Culberson also told the secretary point blank that the Census Bureau would not be getting the full $1.5 billion funding requested by the administration this year, nor will likely receive the $13 billion total estimated between now and the 2020 Census.

“We simply do not have $13 billion to spend on the Census,” he said; such parsimony when it comes to the Census, like the attacks on the ACS, is also routine.

Then he added, “A straightforward way to save money is to use other branches of the government to provide some of that data.”

He added helpfully, “So many other of the questions that are asked in that long census form could be obtained from the Internal Revenue Service.”

“One of the major efforts that we have with the 2020 Census is the use of what we call administrative records,” Pritzker said, adding that to take advantage of those other sources the bureau needed to test the efficacy of the new approach, and have that nailed down two or three years before actually engaging in the census. “That’s why our request is so significant this year – it’s very much about testing.”

Without the testing, she said, many money-saving efforts to automate will have to be sidelined in favor of the extensive house-to-house surveying familiar in the past – “which seems ridiculous in a digital world.”

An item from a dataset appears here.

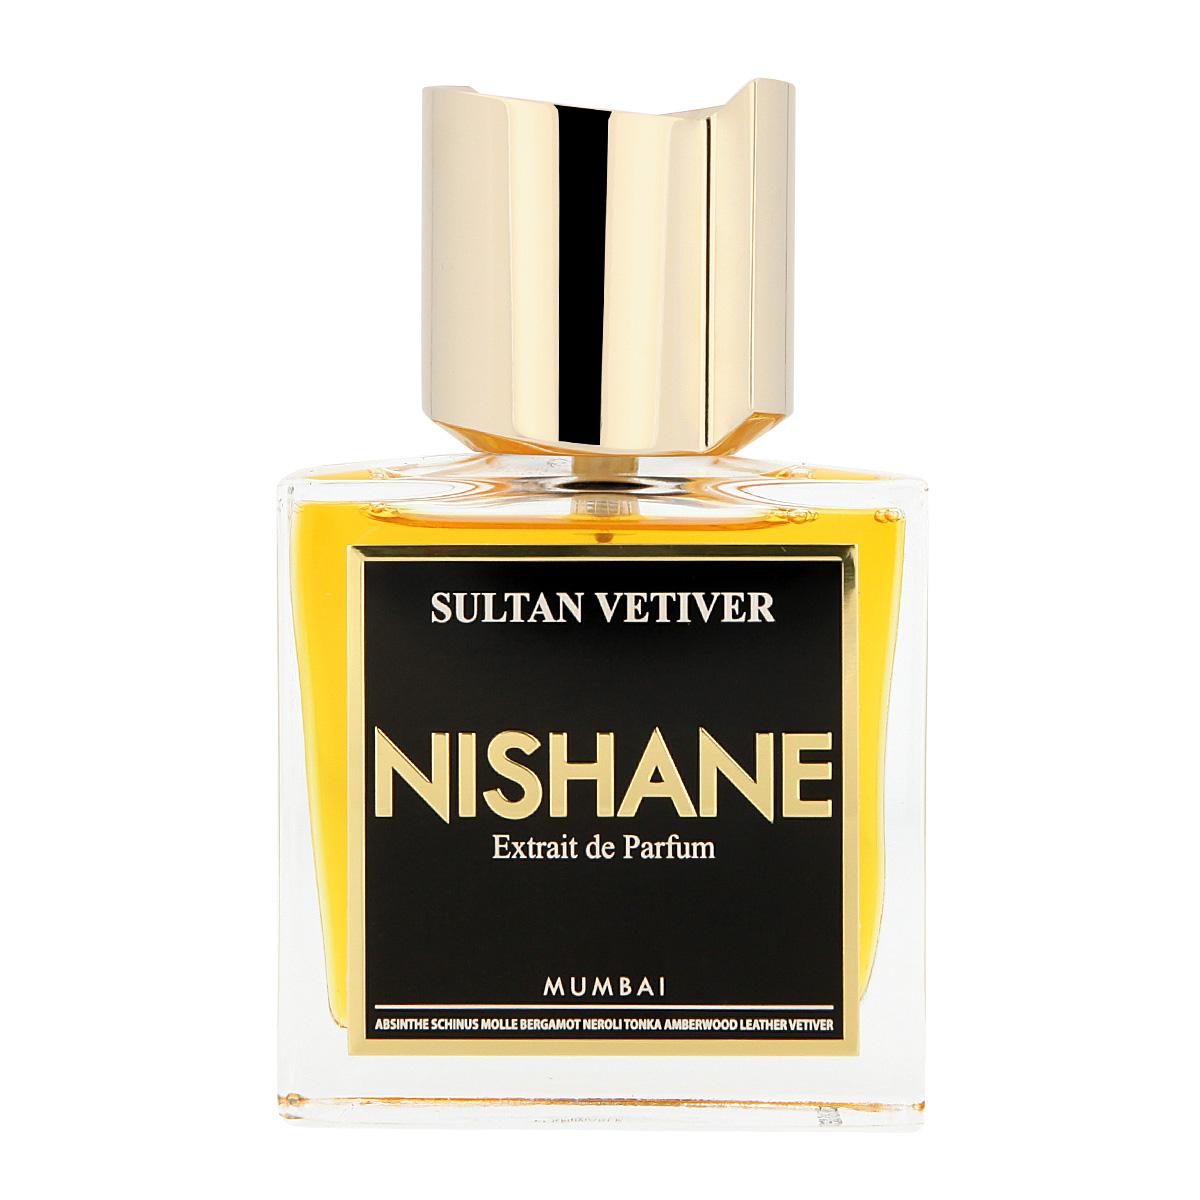 Nishane Sultan Vetiver Extrait de Parfum 50 ml (unisex) 130854

Culberson then asked – repeatedly – if the bureau was using IRS data. Pritzker answered –repeatedly –that the agency anticipated using whatever government data that was legally available. Culberson then circled back to his earlier suggestion, which hadn’t been yet validated with an affirmative answer: “I’m also concerned about whether privacy advocates are aware that you might be using IRS records with the problems the IRS has had recently about targeting people.”

“Privacy,” responded Pritzker, “is something we at the Census and at the Department of Commerce take very, very seriously.”